WHAT YOU HAVE TO DO: A faithful copy is required. Print each line of the data exactly and omit the pictures.

DATA EXTRACT:
------------------------------------------------------------------------

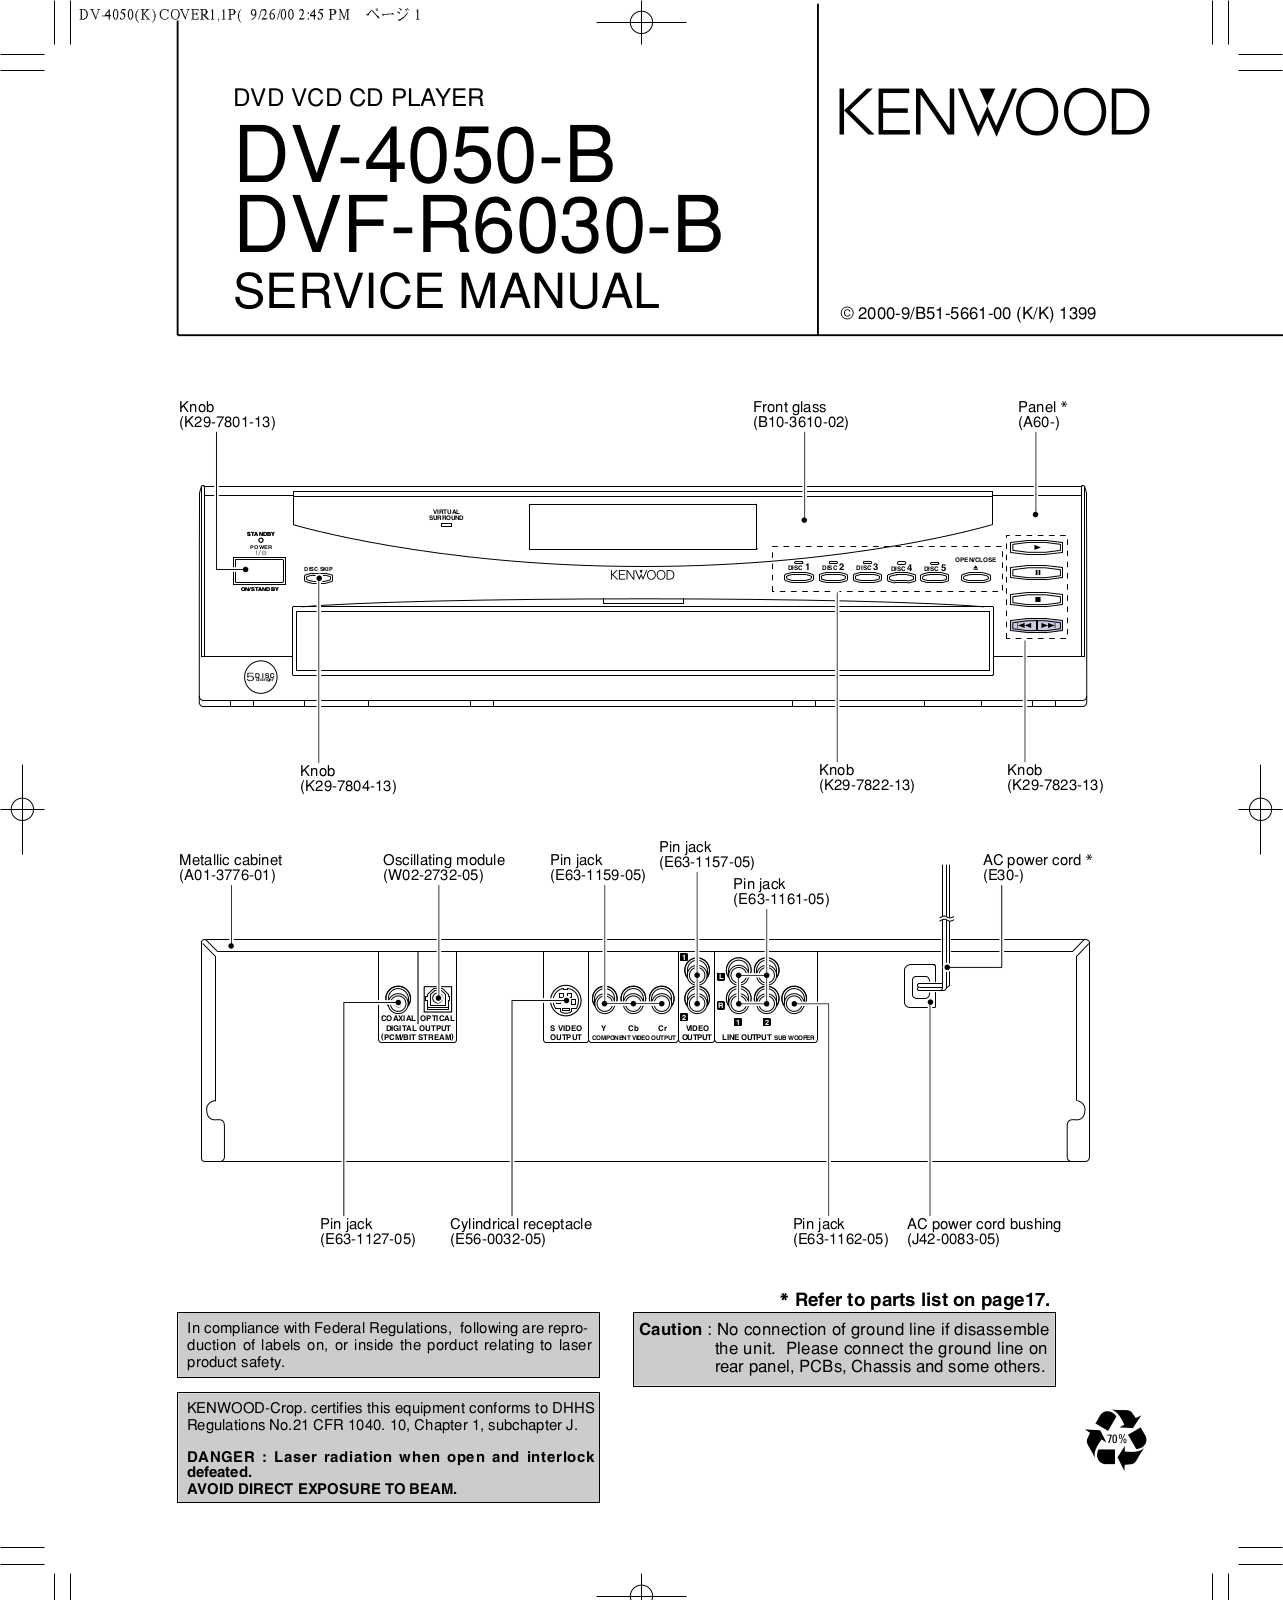 Kenwood DV-4050 Schematic
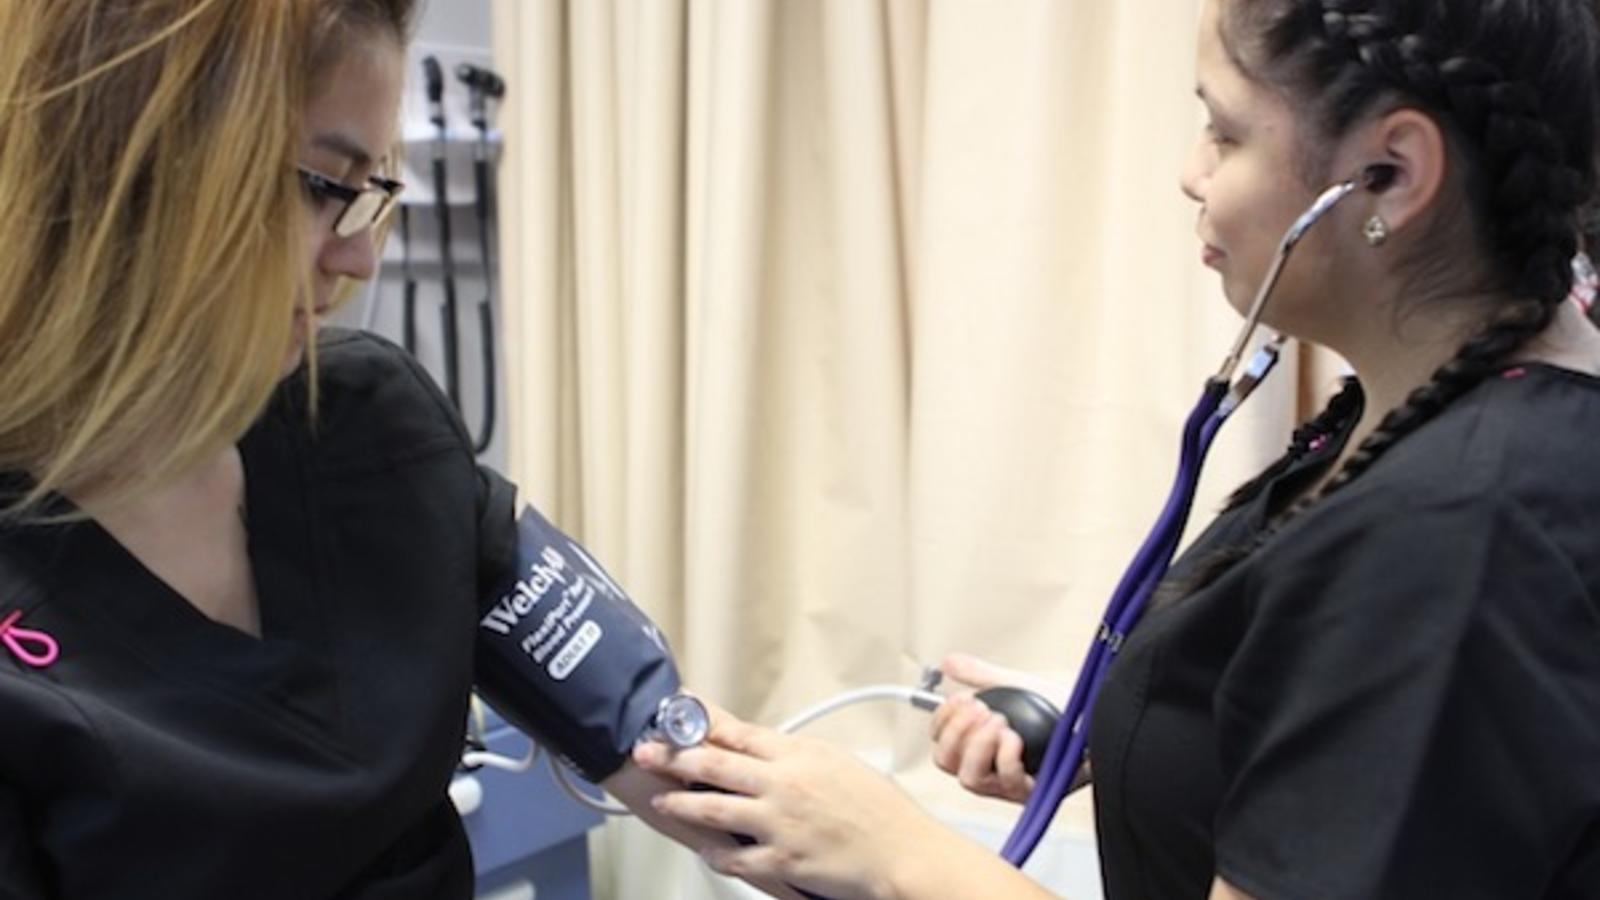 Melrose Park Medical Assistant Taking Blood Pressure Readings
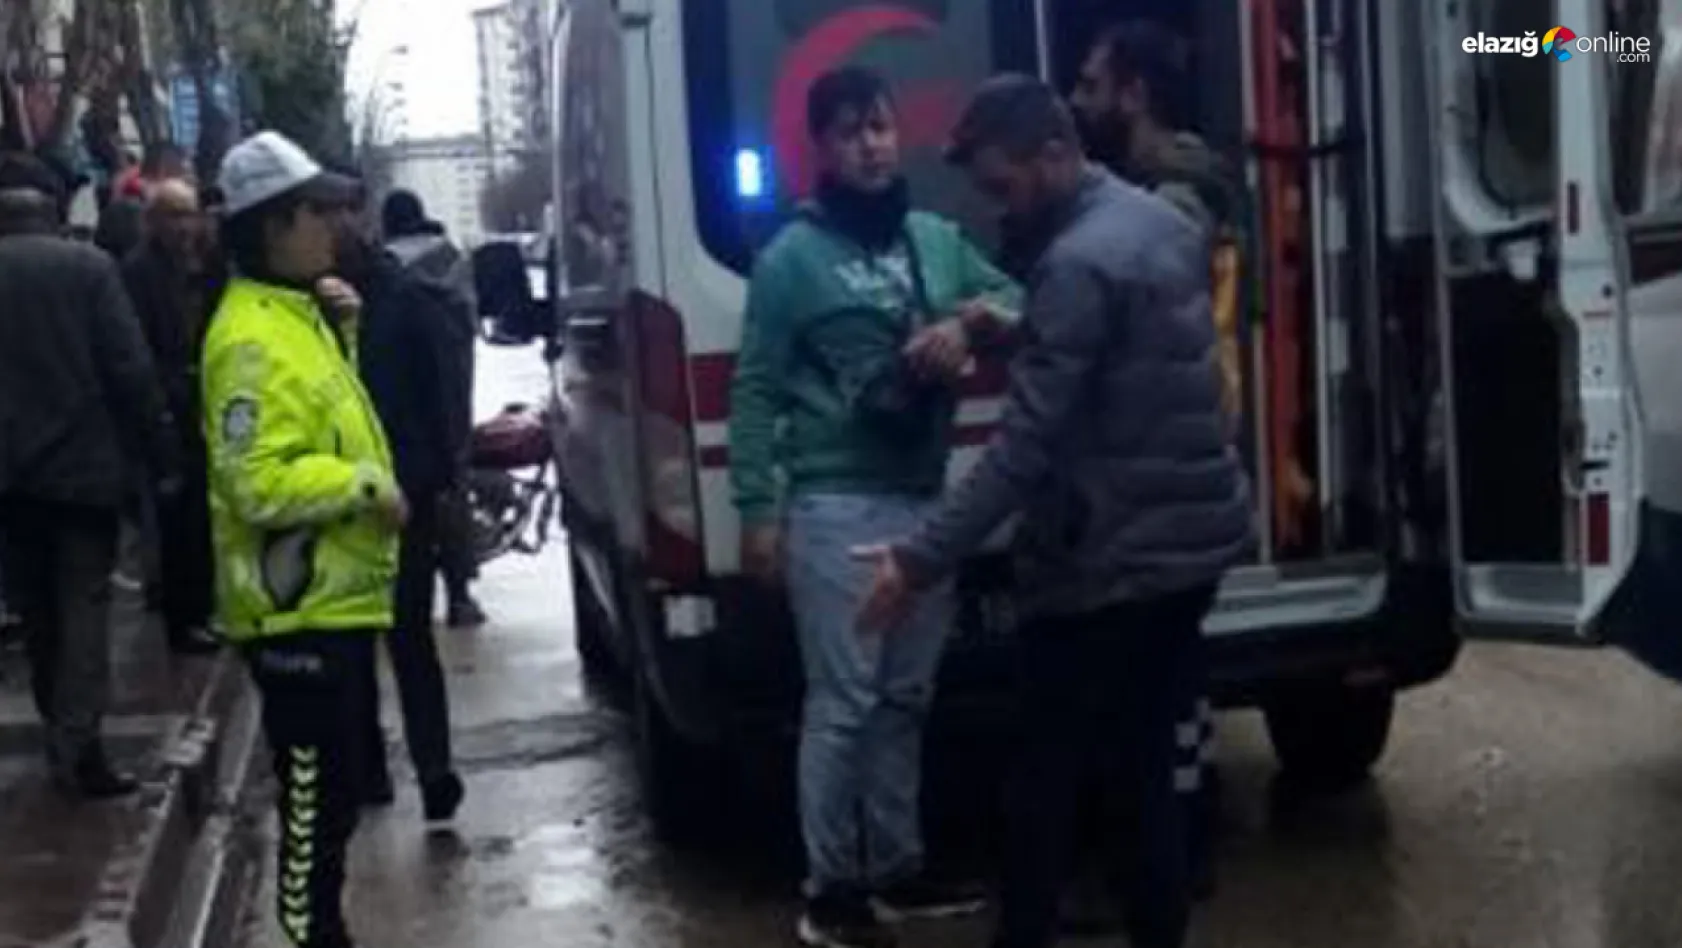 Elazığ'da motosiklet yayaya çarptı: 2 yaralı

------------------------------------------------------------------------

ANSWER SECTION:
 Kenwood DV-4050 Schematic
 Melrose Park Medical Assistant Taking Blood Pressure Readings
 Elazığ'da motosiklet yayaya çarptı: 2 yaralı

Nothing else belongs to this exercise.